In Figure 1B, the authors show a plot describing the number of 28 for which MaSIF-neosurf could recover a complex’s binding partner in the top k outputs. We thought the figure axis led to confusion since it was unclear that all 28 samples were plotted at once and what “solved complexes” meant in the vertical axis label. We recommend replacing the vertical axis label with a phrase like “number of correctly identified partners identified in top-k”. We also recommend describing the figure’s visualization more in the caption or main text.

Figure 3

Figure 3D shows the results of the yeast display binding screens for the designs and shows the selectivity of the designed binders to the intended ligand. Testing if ligand analogs could also induce binding is valuable since it provides evidence of the selectivity of the designed binders. A similar analysis of the promiscuity of the mutated binders would be helpful since the mutated binders are the final designs. Such an analysis would support the orthogonality of the final designs for further applications and support the role of mutagenesis in improving designs in vitro. This would inform the promiscuity of the designs and whether SSM altered them. If the authors have not done this experiment, the authors could also use computational methods like docking or rigid body superposition based on the author's previous predictions to verify the predicted promiscuity of the mutated designs.

Figure 4

In figures S8 and 4C, the authors show the binding curves of the first-generation and second-generation binders with the associated Kd values in the presence of ligands, respectively. Including the error associated with the Kd values would be beneficial because this would display the distribution of the technical replicates of the assay.

Currently, Figure 4A shows the results from the site saturation mutagenesis (SSM) experiment, where the label of the color bar has low to high mutational sensitivity.
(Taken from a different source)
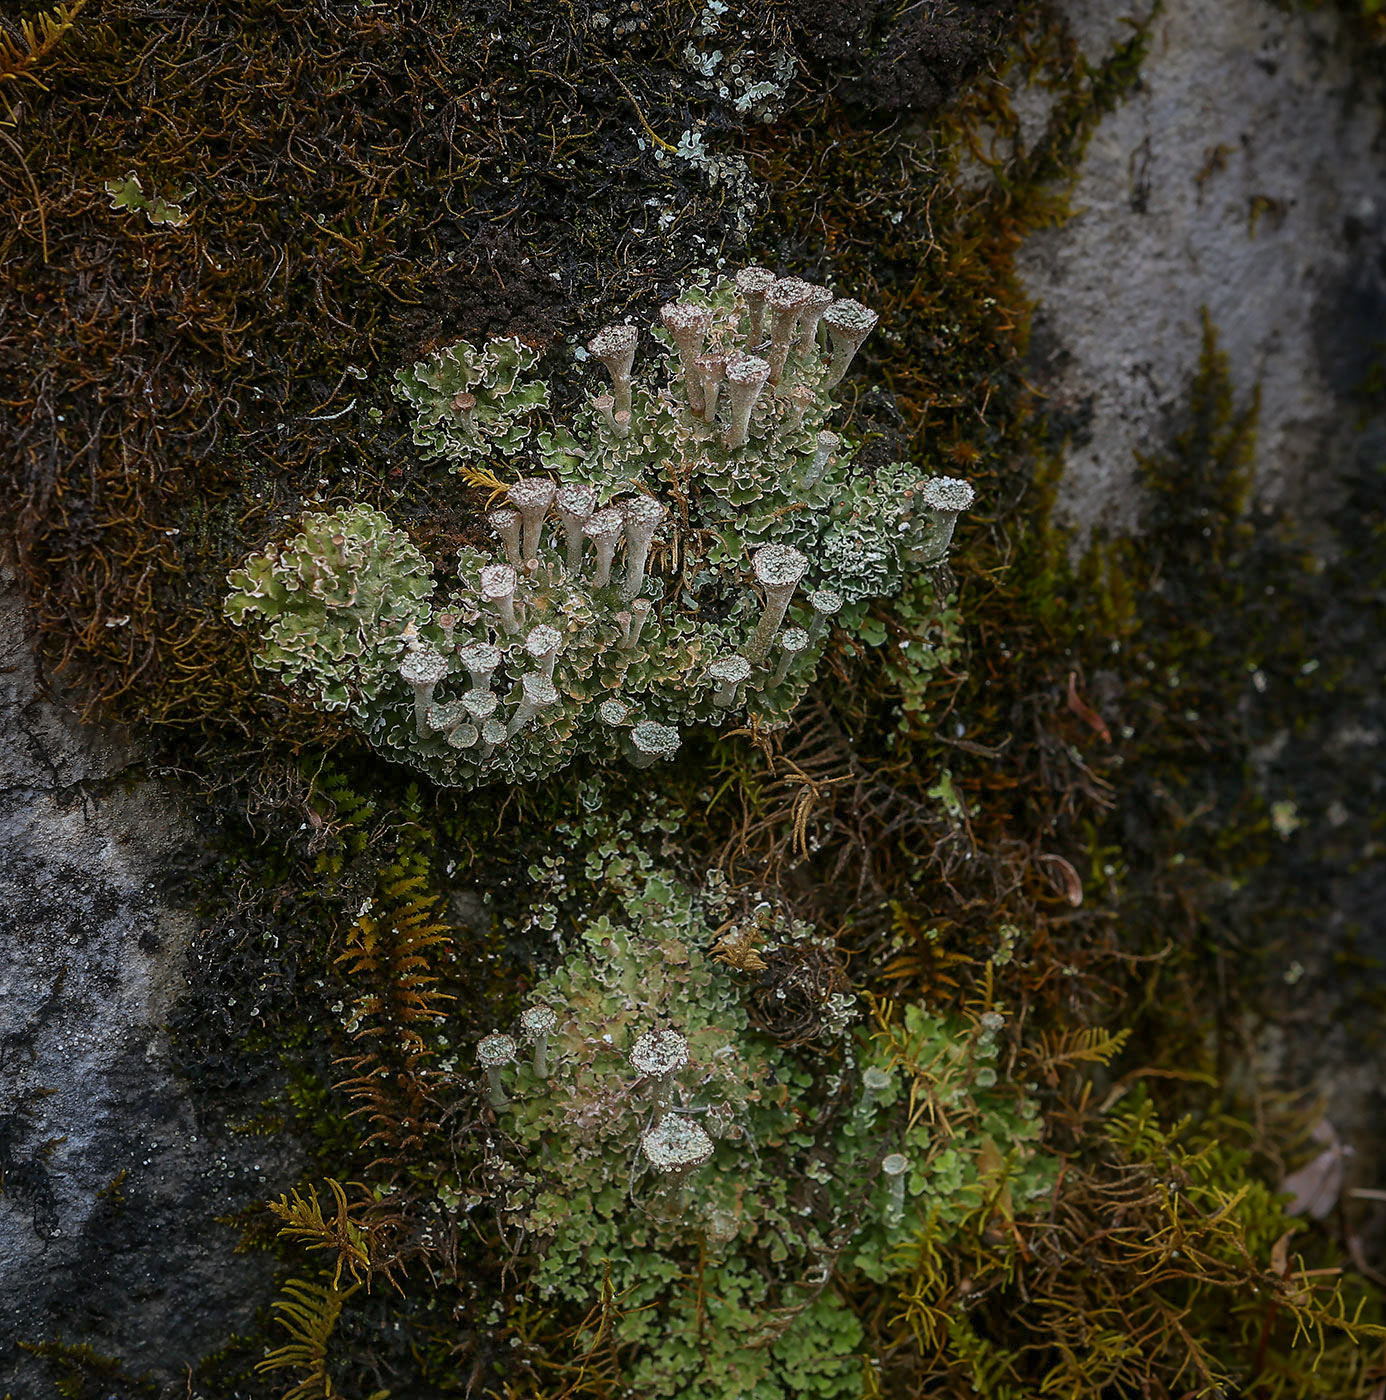 Image of genus Cladonia specimen.

Under the section titled “Biochemical characterization and structural validation” in the first paragraphs, the authors state that they “computed the average enrichment score of each mutation when comparing binding versus non-binding populations on yeast display experiments”. Additionally, the authors used mutants from the SSM to improve the binding affinity of the designs. Therefore, the extremes in the color bar should be loss-of-function and gain-of-function of ‘binding fitness’ or something similar.

Figure 5

In Figure 5, the authors used the progesterone complex for the in vitro transcription CID, the Venetoclax complex for the GEM CID, and the Actinonin complex for the split NanoLuc CID. We are curious how the authors chose ternary complexes for each CID system. We assume the authors would have tried each ternary complex in each CID system. Were there any unexpected challenges?

The final designs’ Kds for the Venetoclax, Progesterone, and Actinonin complexes are 96 nM, 18 nM, and 446 nM, respectively. The EC50s for the CID systems using these complexes are 0.31 nM, 1.2 μΜ, and 27 nM. We found this large discrepancy between the Kd and EC50 values concerning– could the authors expand on this more in the main text? We found the explanation for the Venetoclax CID system which stated it was “likely due to the co-localization of the sensing modules in the cell membrane” insufficiently detailed. This can also connect to the previous point: if authors tried each ternary complex in each system, it could provide further insight into the discrepancies such as system-specific effects. It may also be informative to show error bars for the EC50 values.

Supplement

In supplemental figures S10C and S11C, the authors plot the negative controls and the designs on separate graphs. That made the figures more confusing. To make it more legible, overlaying DBPro1156_2 (with Pro)/DBAct553_2 (with Act) on the plot that has DBPro1156_2 (no Pro)/DBAct553_2 (no Act), respectfully, could alleviate the confusion.

Competing interests

The authors declare that they have no competing interests.